In the context of advanced hit-to-lead drug design based on atomistic molecular dynamics simulations, we propose a dual topology alchemical approach for calculating the relative binding free energy (RBFE) between two chemically distant compounds. The method (termed NE-RBFE) relies on the enhanced sampling of the end-states in bulk and in the bound state via Hamiltonian Replica Exchange, alchemically connected by a series of independent and fast nonequilibrium (NE) simulations. The technique has been implemented in a bidirectional fashion, applying the Crooks theorem to the NE work distributions for RBFE predictions. The dissipation of the NE process, negatively affecting accuracy, has been minimized by introducing a smooth regularization based on shifted electrostatic and Lennard-Jones non bonded potentials. As a challenging testbed, we have applied our method to the calculation of the RBFEs in the recent host-guest SAMPL international contest, featuring a macrocyclic host with guests varying in the net charge, volume, and chemical fingerprints. Closure validation has been successfully verified in cycles involving compounds with disparate Tanimoto coefficients, volume, and net charge. NE-RBFE is specifically tailored for massively parallel facilities and can be used with little or no code modification on most of the popular software packages supporting nonequilibrium alchemical simulations, such as Gromacs, Amber, NAMD, or OpenMM. The proposed methodology bypasses most of the entanglements and limitations of the standard single topology RBFE approach for strictly congeneric series based on free-energy perturbation, such as slowly relaxing cavity water, sampling issues along the alchemical stratification, and the need for highly overlapping molecular fingerprints.

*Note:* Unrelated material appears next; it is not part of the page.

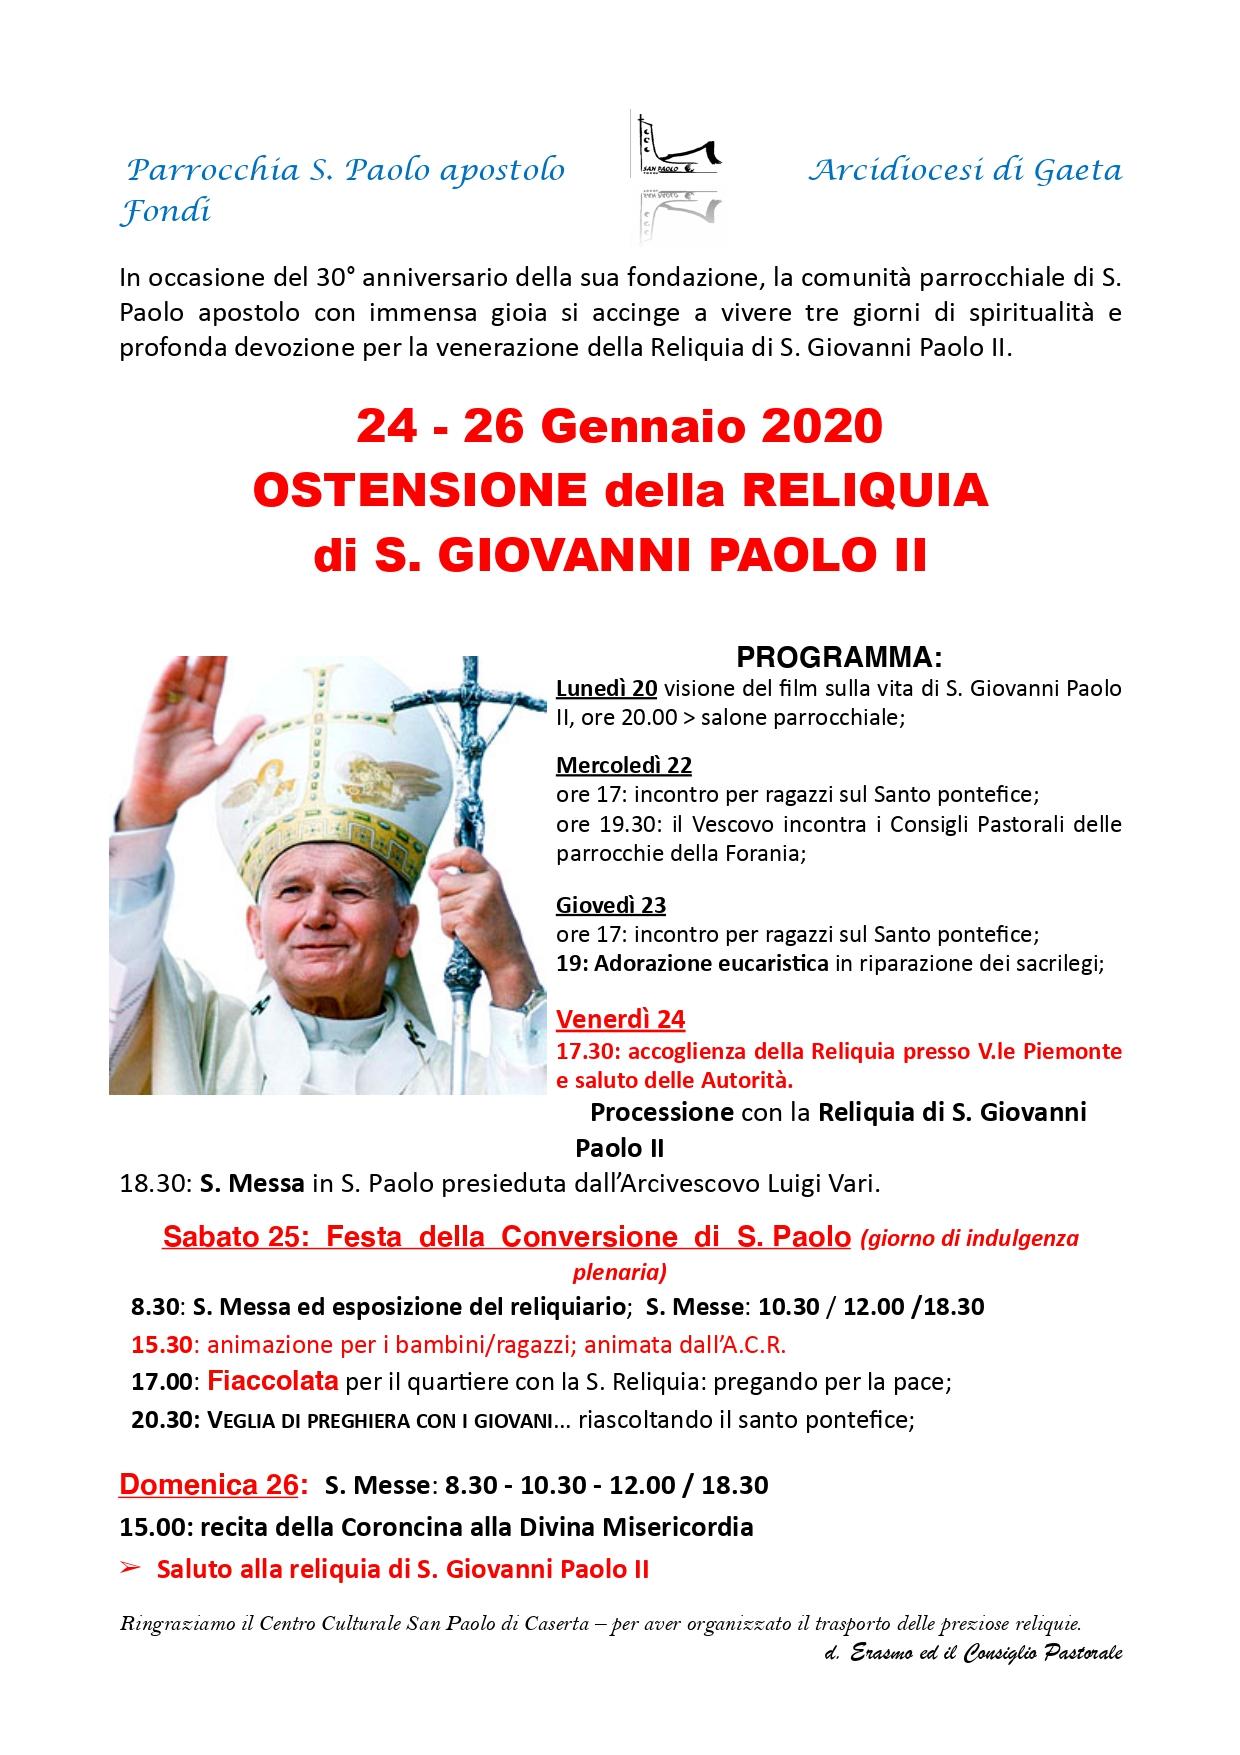 LOCANDINA G.P.II Fondi 24-26 Gennaio 2020 Fondi LT_page-0001.jpg

Alchemical free-energy methods based on atomistic molecular dynamics
simulations[1−6] are becoming an important tool in modern drug design, often serving
as the last confirmative step for lead identification in the silico
drug-discovery process. The impressive rise of computer power provided
by high performing computing (HPC) facilities, the consequent drop
of the parallel computing cost, and the constant improvement in efficiency,
accuracy, and reliability of algorithms and protocols[7−11] have made in silico screening competitive with the traditional medicinal
chemistry practice in the early preclinical stages. The industrial
interest in state-of-the-art computer-based drug discovery is testified
by the deals, for a total exceeding 100 million dollars, signed by
pharmaceutical giants Sanofi, AstraZeneca, Bayer, and BMS in 2015–2020,
with Schrödinger, Inc., an American company active in the development
of software for computational chemistry.[12,13]In industrial settings, MD-based alchemical methods are most
often
used for ranking the relative binding affinities
of a series of compounds to a protein target in order to prioritize
them for further wet-lab assessement.[14,15] The relative
binding free energy (RBFE) is obtained by computing the free energy
cost of transmuting compound A into compound B by way a stratification
of nonphysical hybrid λ states (the alchemical path) connecting
the two compounds in the bound and unbound arms of a thermodynamic
cycle. In Figure ,
the two alchemical transformations in the cycle (bound and bulk states)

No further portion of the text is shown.